PROBLEM DETAILS:
The answer is all of the data repeated exactly, with each picture omitted.

DATA BLOCK:

=== Begin Enclosure ===

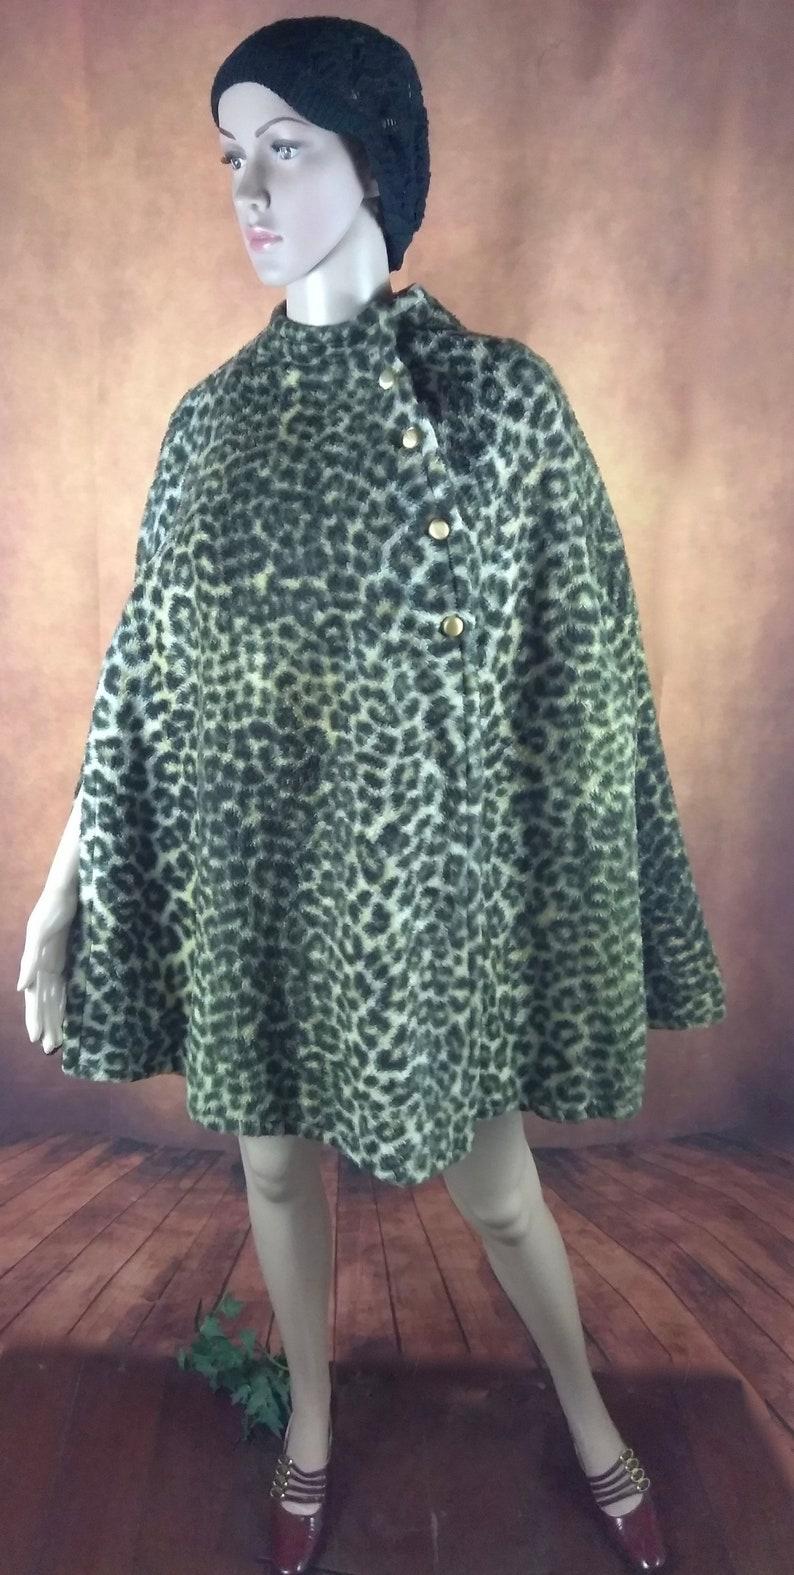 Vintage Leopard PonchoShort Faux Animal Print CapeHandmade Mod CloakGold Tone Button ClosureTwiggy Style
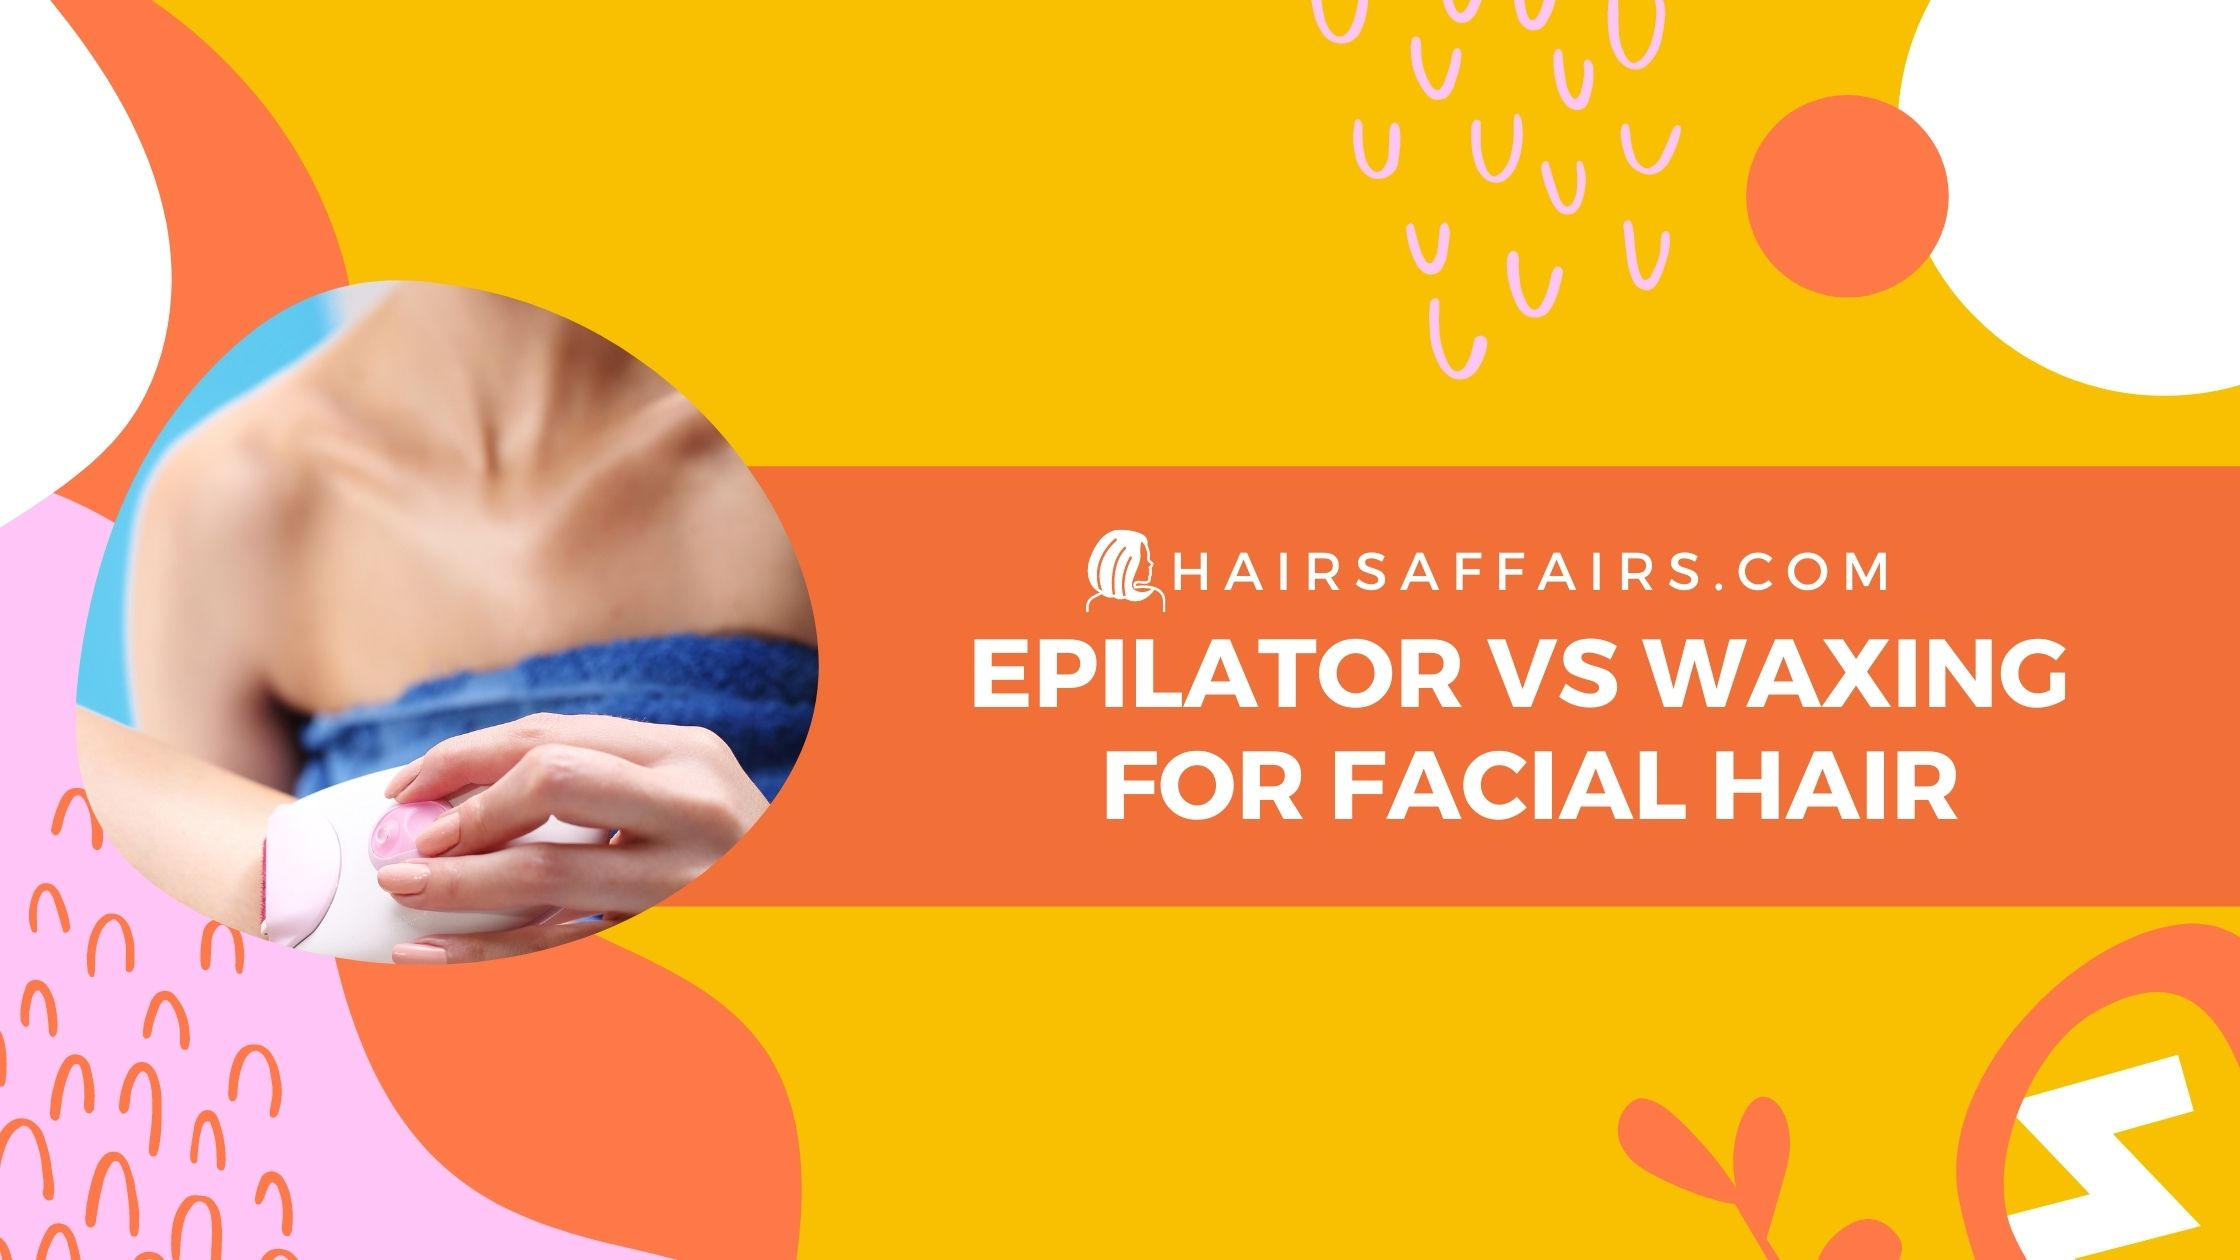 HA-Epilator-vs-Waxing-for-Facial-Hair
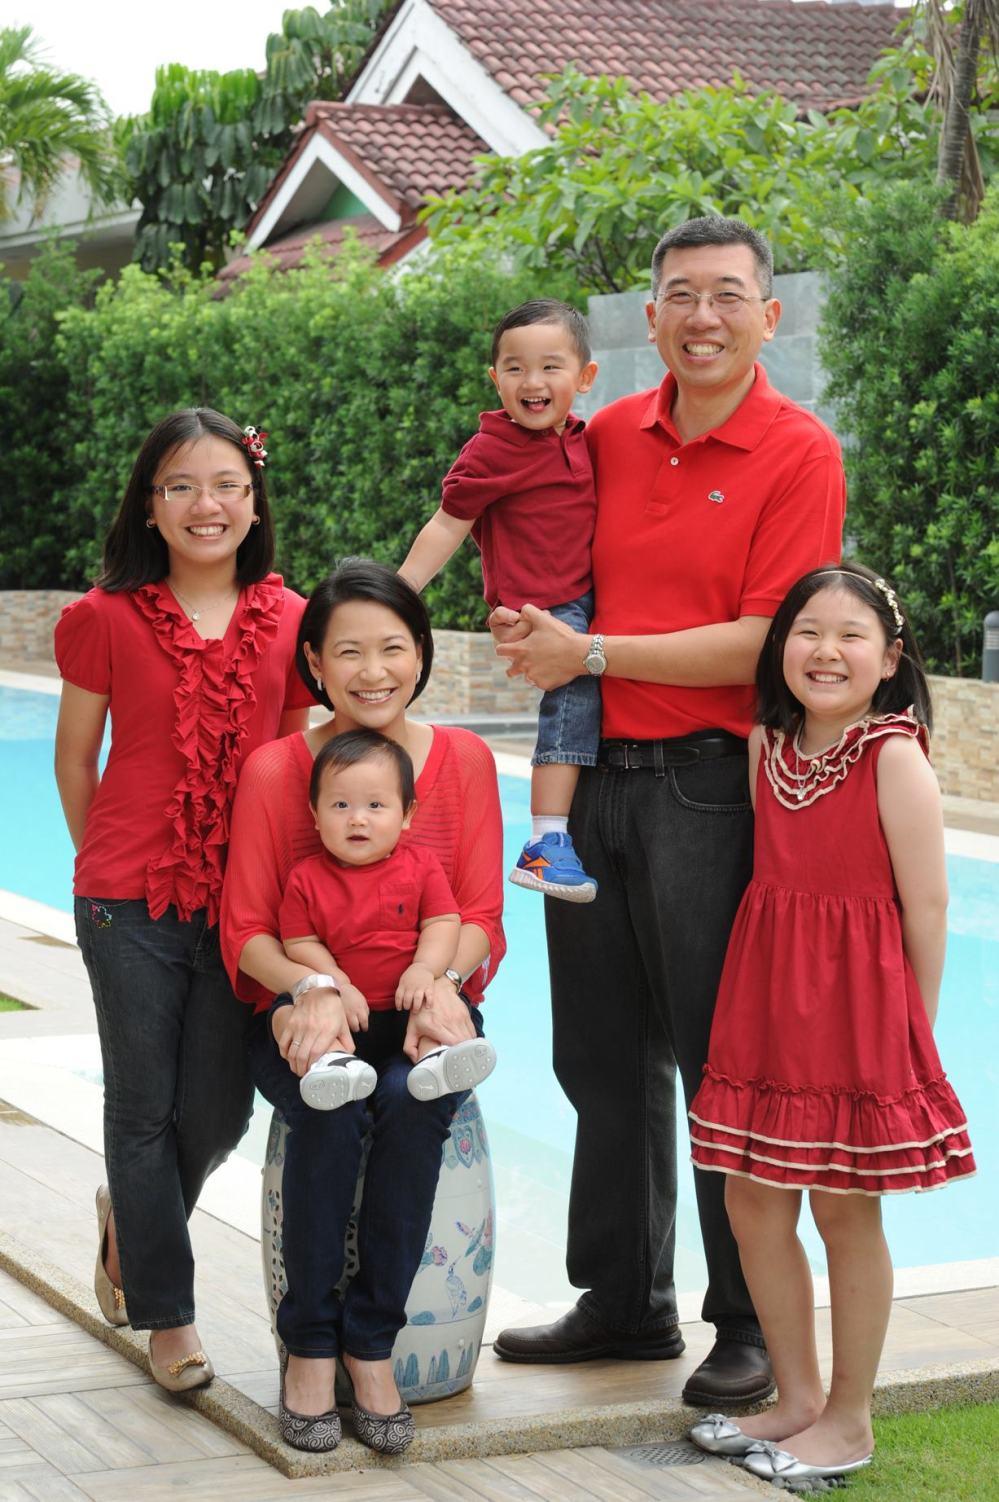 glenn jackie family red

=== End Enclosure ===

COMPLETED EXERCISE:
 Vintage Leopard PonchoShort Faux Animal Print CapeHandmade Mod CloakGold Tone Button ClosureTwiggy Style
 HA-Epilator-vs-Waxing-for-Facial-Hair
 glenn jackie family red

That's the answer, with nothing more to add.